# Enterprise Deep Learning with TensorFlow: openSAP

## SAP Innovation Center Network

Licensed under the Apache License, Version 2.0 (the "License");
you may not use this file except in compliance with the License.
You may obtain a copy of the License at

    http://www.apache.org/licenses/LICENSE-2.0

Unless required by applicable law or agreed to in writing, software
distributed under the License is distributed on an "AS IS" BASIS,
WITHOUT WARRANTIES OR CONDITIONS OF ANY KIND, either express or implied.
See the License for the specific language governing permissions and
limitations under the License.

## Overview

This notebook makes use of Tensorflow's new Estimator API and the new Dataset API.
Both APIs are widely used within Google. They simplify and standardize model building.

The Estimator API.

tf.estimator.Estimator:  
An 'estimator' takes as input some 'model' function along with some custom parameters.  
It wraps the training loop, evaluation loop & prediction stage.  
  
  def model_fn(features, labels, mode, params):  
     ...
     setup network graph for training, evaluation, and prediction mode  
     define loss & training operator  
     define what the network outputs / predicts  
     define accuracy measures  
  
     return tf.estimator.EstimatorSpec(loss, mode, predictions, train_op, eval_metric_ops, training_hooks)  

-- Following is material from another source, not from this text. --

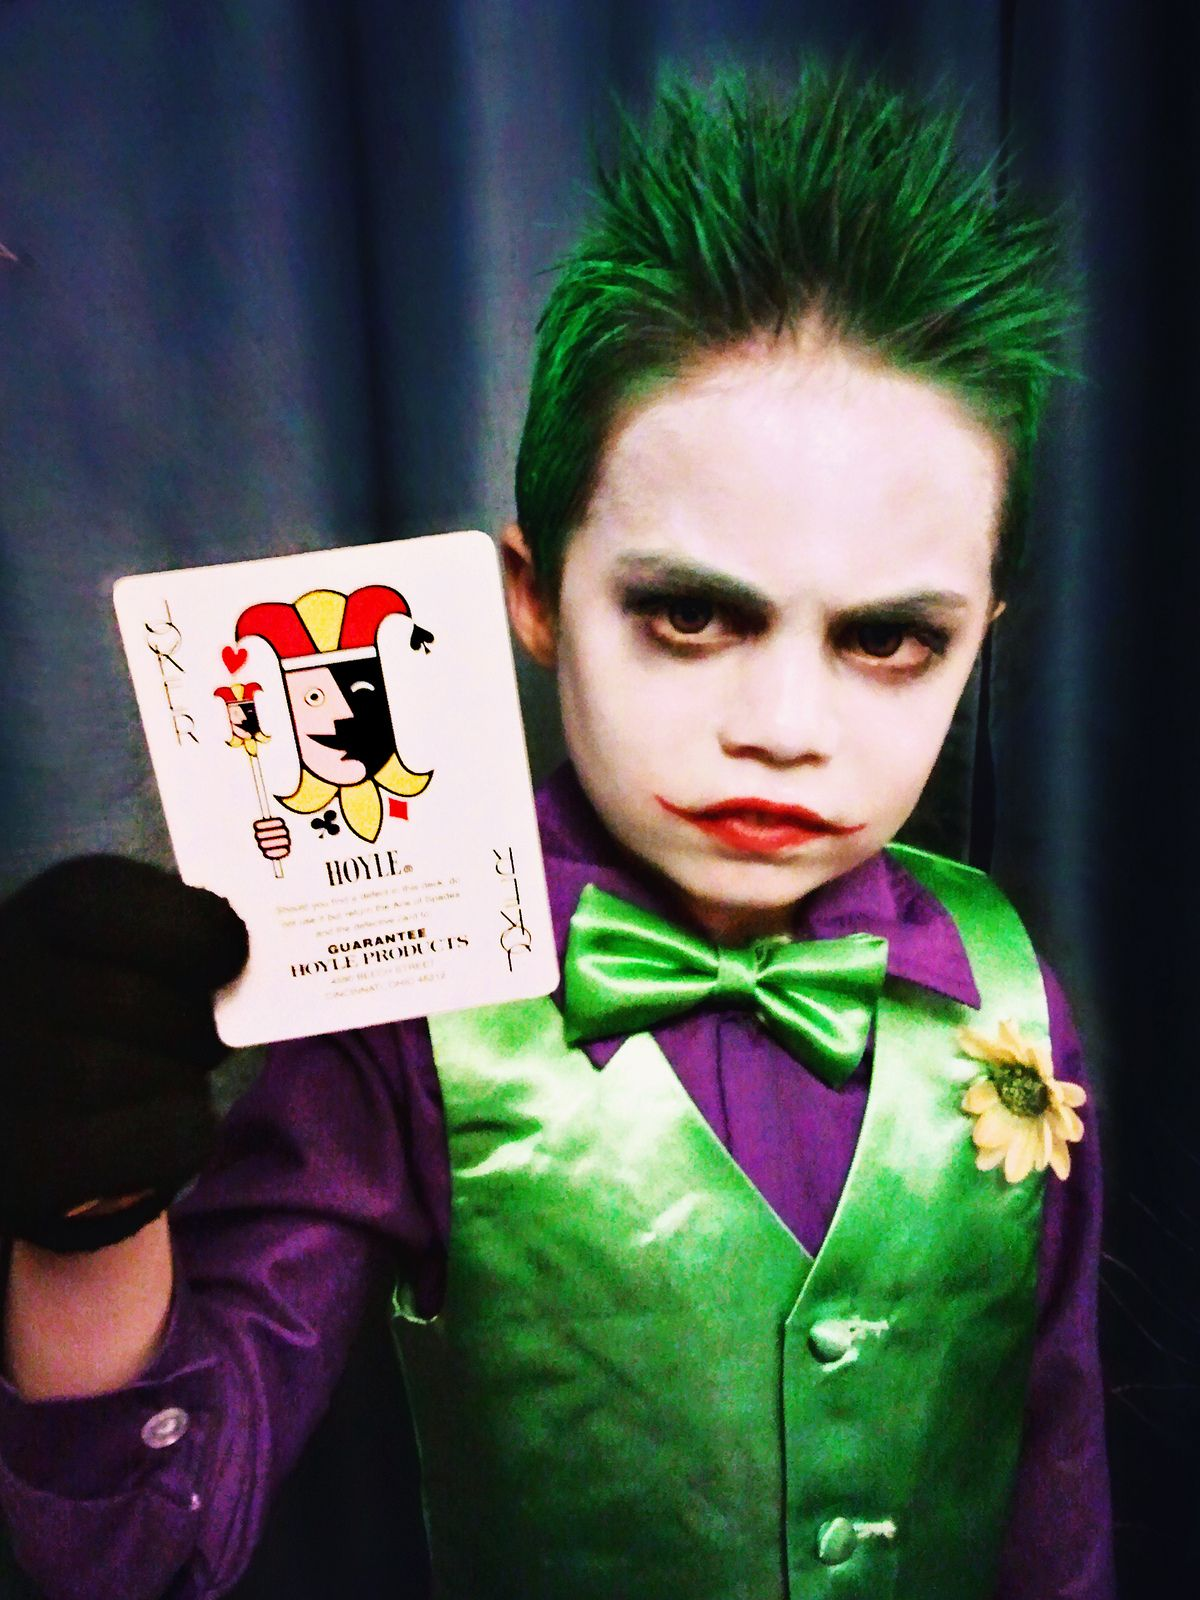 Halloween Joker Card.Joker Card Halloween Joker Halloween Joker Costume Joker

  estimator = tf.estimator.Estimator(model_fn, params, config)
  
  def train_input_fn():  
      return features, labels   # tensors  
  
  estimator.train(train_input_fn)  
  
  
  def validation_input_fn():  
      return features, labels   # tensors  
  
  estimator.evaluate(validation_input_fn)  
  
  result = estimator.predict(predict_input_fn)  
  
  for output in result:  
  
      do_something_with(output)

## Loading the necessary modules

In [1]:
import tensorflow as tf
import tensorflow.contrib.slim as slim
import numpy as np
import matplotlib.pyplot as plt
%matplotlib notebook

## Setting up our environment

In [2]:
# Our output/log directory
LOG_DIR = './rnn_output'
# The number of steps in each training sequence
# (i.e. our sequence length)
TIMESTEPS = 5
# The number of hidden units in the RNN layer
RNN_NUM_UNITS = 10
# The number of hidden units in the two additional fully connected layers
DENSE_LAYERS = [10, 10]
# The number of training iterations
TRAINING_STEPS = 10000
# The number of training features we are going to train in parallel
# (to speed things up)
BATCH_SIZE = 100
# How often do we want to do screen / file log output
PRINT_STEPS = TRAINING_STEPS / 1000
# Our learning rate
# If too large, training can become unstable.
# If too small, training might converge too slowly or not to an optimium.
LEARNING_RATE = 1e-3

# The RunConfig object that is used by our Estimator (see below).
# Among other things, this is useful for setting the output / logging directory
# as well as the output frequency.
run_config = tf.estimator.RunConfig()
run_config = run_config.replace(model_dir=LOG_DIR, save_summary_steps=PRINT_STEPS)

## Creating our data set

In [3]:
# The raw data: This is simply a sine function, i.e. one long sequence
# of scalar values.
xx = np.linspace(0, 100, 10000)
raw_data = np.sin(xx)

# Let's split this into train/validation data
# We take the first 80% of elements in the sequence
# as training elements, and the remaining as validation elements.
N = int(raw_data.shape[0] * 0.8)
train_data = raw_data[:N]
valid_data = raw_data[N:]

# During training, we don't actually work on the entire sequence at once.
# In most cases this would be computationally prohibitive.
# Rather, we split up the sequence into many small sub-sequences.
# One single input feature becomes a subsequence of N elements.
# Based on that input sequence, the network shall learn to predict the next
# element following that sequence.
# The associated training label to any input sequence
# therefore is the next value coming right after the last element in the input sequence.
# This routine returns exactly that!
# From large raw sequence [0,1,2,3,4,5,6,7,8,9], we get a list of subsequences with associated
# label.
#  E.g.  --->
#  list of input features: [[0,1,2], [1,2,3], [2,3,4], ..., [6,7,8]]
#  list of associated labels: [3, 4, 5, ..., 9]
def make_rnn_data(data):

    # 'data' is one large 1D numpy array.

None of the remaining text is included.